Suit claims NHL didn't inform players

The NHL has responded to a class action concussion lawsuit alleging that the league did not provide the proper protection and information to its players regarding traumatic head injuries.

The league filed a motion to dismiss the suit with the Minnesota district court earlier this week, one brief for dismissal arguing labor preemption grounds and another brief for dismissal on statute of limitations and pleading failure grounds, according to documents obtained by ESPN.com.

The suit, which was originally filed in 2013, claims that the league downplayed the risks of head injuries, promoted the sport's brutality and violence, and fraudulently concealed information that could have protected players from long-term damage.

Among the former NHL players featured as plaintiffs in the class action suit are Dan LaCouture, Michael Peluso, Gary Leeman, Bernie Nicholls, David Christian and Reed Larson.

According to the lawsuit, these players are suffering from a variety of ailments such as headaches, nausea, memory loss, depression and anxiety, and are at an increased risk of "developing serious latent neurodegenerative disorders and diseases including, but not limited to, CTE, dementia, Alzheimer's disease or similar cognitive-impairing conditions."

LaCouture, Peluso, Leeman and Nicholls are part of the "impairment subclass" of the suit, players who "experienced or are experiencing symptoms associated with Alzheimer's disease, Parkinson's disease, ALS, post-concussion syndrome, neurological deficit, cognitive impairment, dementia or CTE."

According to the plaintiffs' most recent complaint, the league "either took no steps to protect and educate its players or took insufficient steps to make players aware of the real risks of playing in the NHL, which would have protected players from unnecessary long-term effects of head trauma."

The pending litigation comes on the heels of a proposed settlement between the NFL and former NFL players over concussion claims that was originally reported to be valued at $765 million.

The two cases, however, have completely different sets of facts.

And according to the documents filed by the NHL, the league feels it has firm legal ground to stand upon in facing such allegations.

In one brief for dismissal, the NHL claims that collectively-bargained agreements between the league and NHLPA already comprehensively govern such issues as "Player health and safety, including the 'helmet requirement,' rules concerning removal from and return to work following an injury, neuropsychological testing of Players, Playing Rules on body checking, fighting and hits to the head, and disciplinary procedures."

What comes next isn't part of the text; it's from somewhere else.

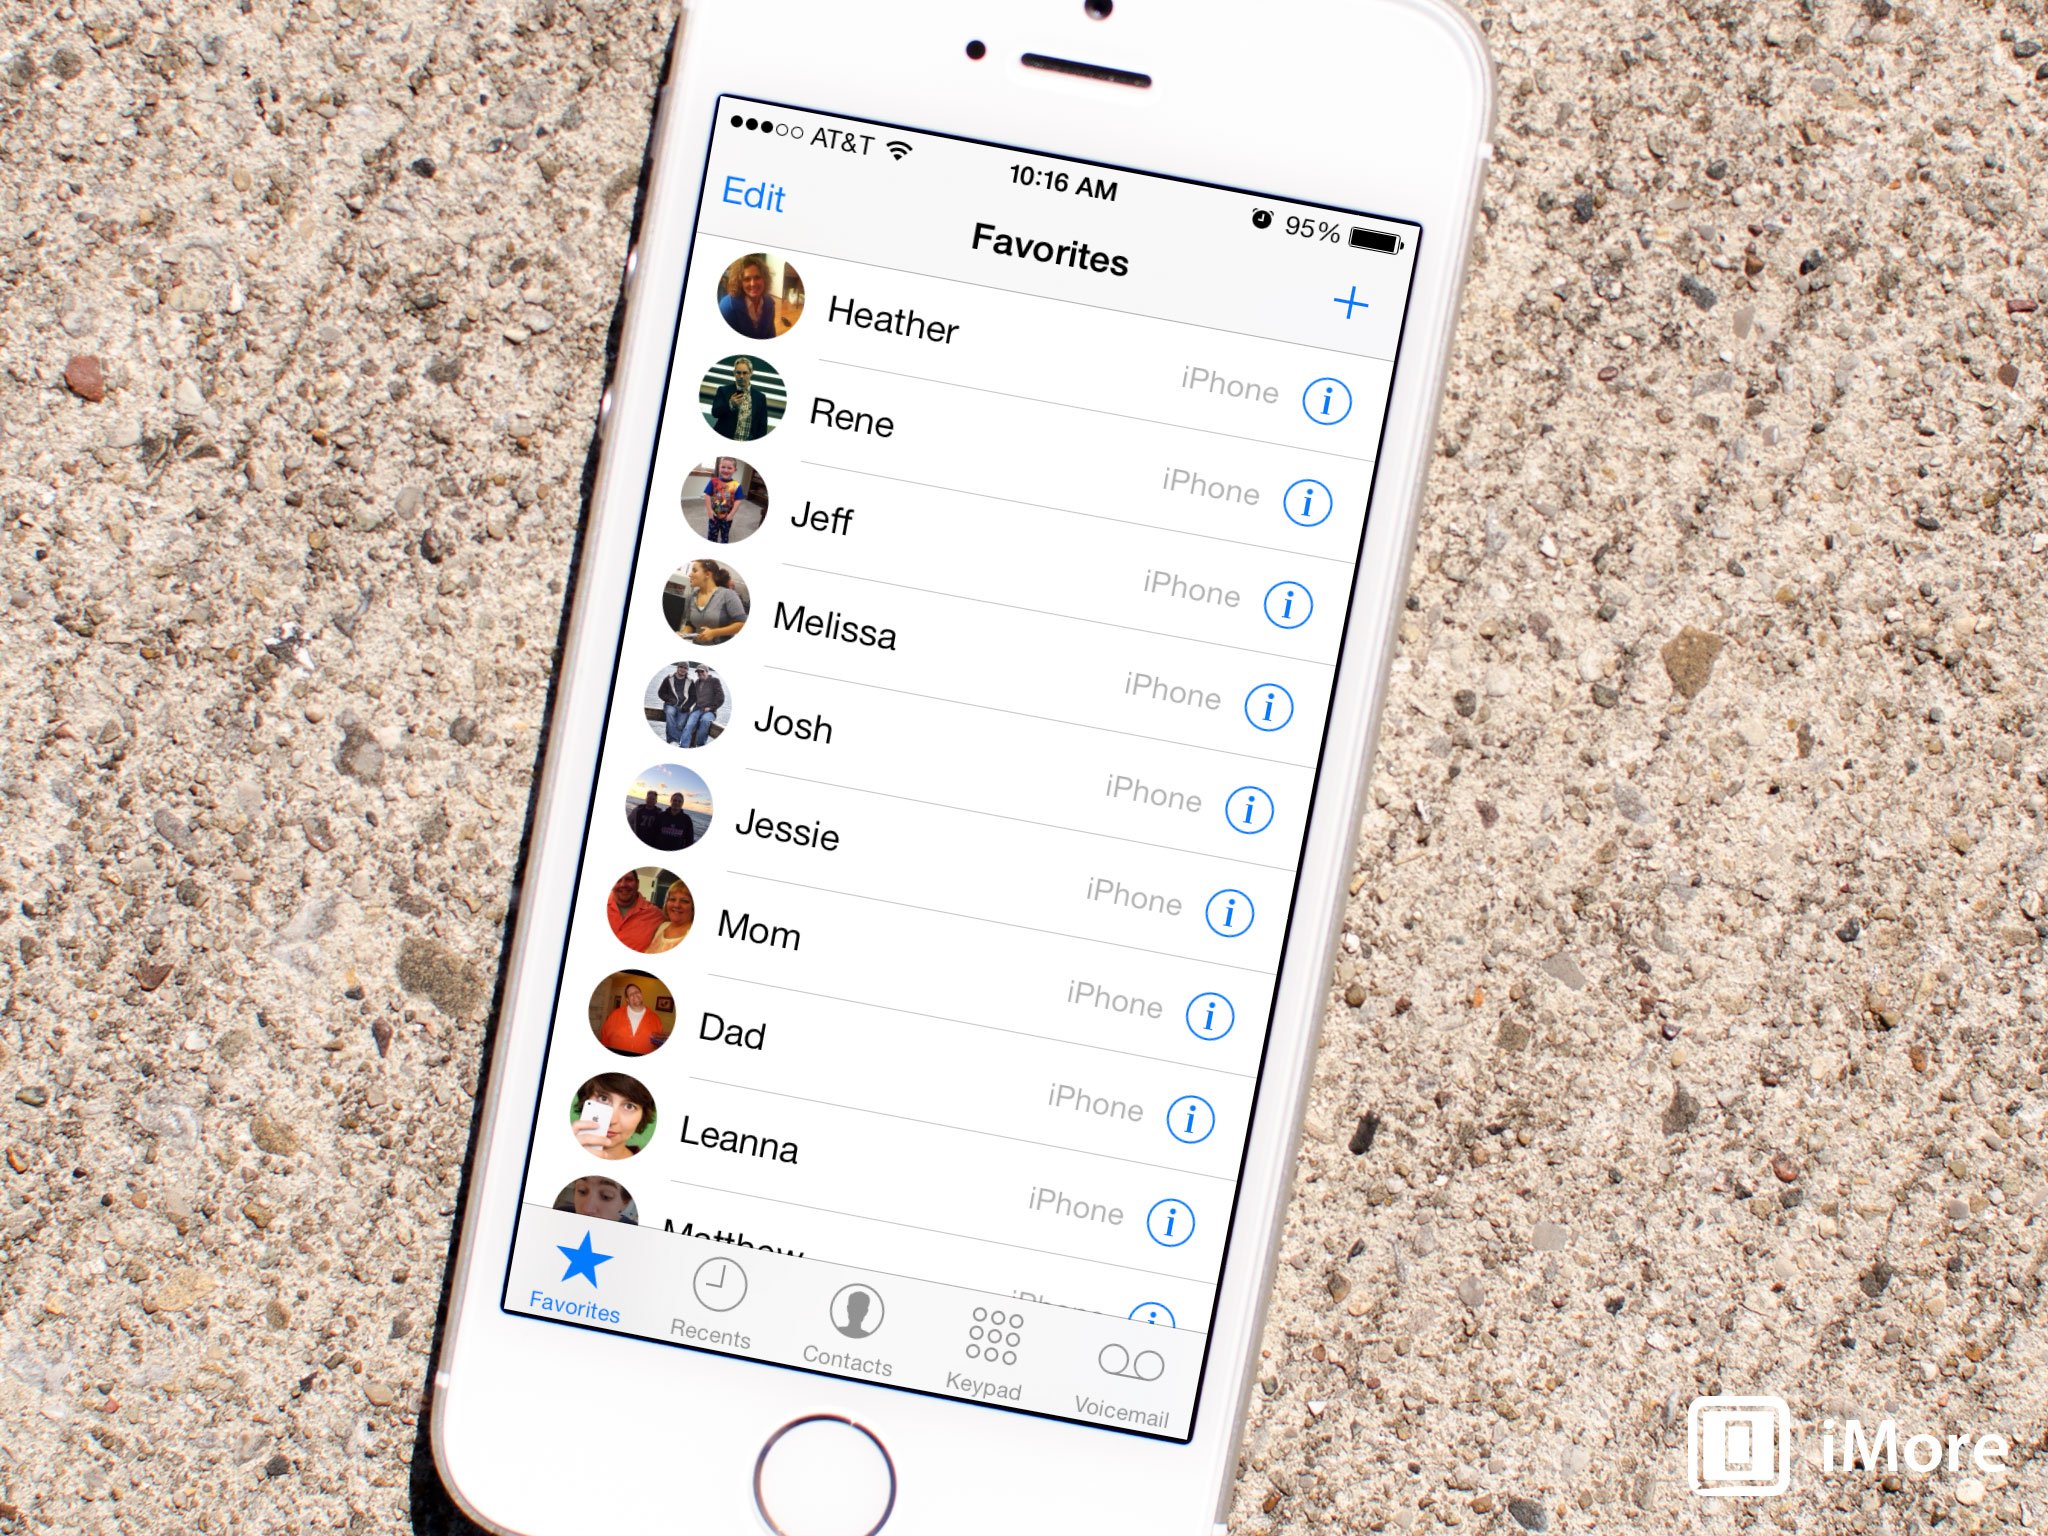 How to disable contact photos for favorites in the iOS 7 Phone app

In the other brief, the league cites certain statutes of limitations that preclude the plaintiffs from seeking compensation and considers the claims "untimely."

The league also takes issue with allegations of fraudulent concealment with respect to medical information that was "readily available in the public domain."

"These claims should be dismissed because plaintiffs have not alleged a duty to disclose or the circumstances surrounding the NHL's alleged omissions with sufficient particularity. Nor do their pleadings adequately support their assertion that the NHL somehow concealed publicly available information," the league asserts in court documents. "At minimum, plaintiffs should be required to provide a more definite statement in support of their fraud-based claims."

According to Stuart A. Davidson, an attorney with the firm Robbins Gellar Rudman and Dowd, representing the plaintiffs, there will be legal memoranda filed next month that will show the NHL's motions to be "entirely without merit."

Davidson called the league's attempts to invoke federal labor laws designed to promote labor peace and their "blame the victim" defense "both legally wrong and quite shameful."

"As a direct result of the NHL's failure to warn and protect its players of the long-term consequences of repeated head and brain trauma, many players are now suffering from serious cognitive problems and brain diseases. How many more Wade Belaks, Rick Rypiens and Derek Boogaards should there be?" Davidson wrote in an email to ESPN.com, mentioning three players who died in the summer of 2011. "It's time for the NHL to stand up and take care of the players on whose backs -- and brains -- the League made hundreds of millions of dollars off of. No more hiding behind legal technicalities which, in any event, are erroneous. "

The NHL declined comment on the pending litigation.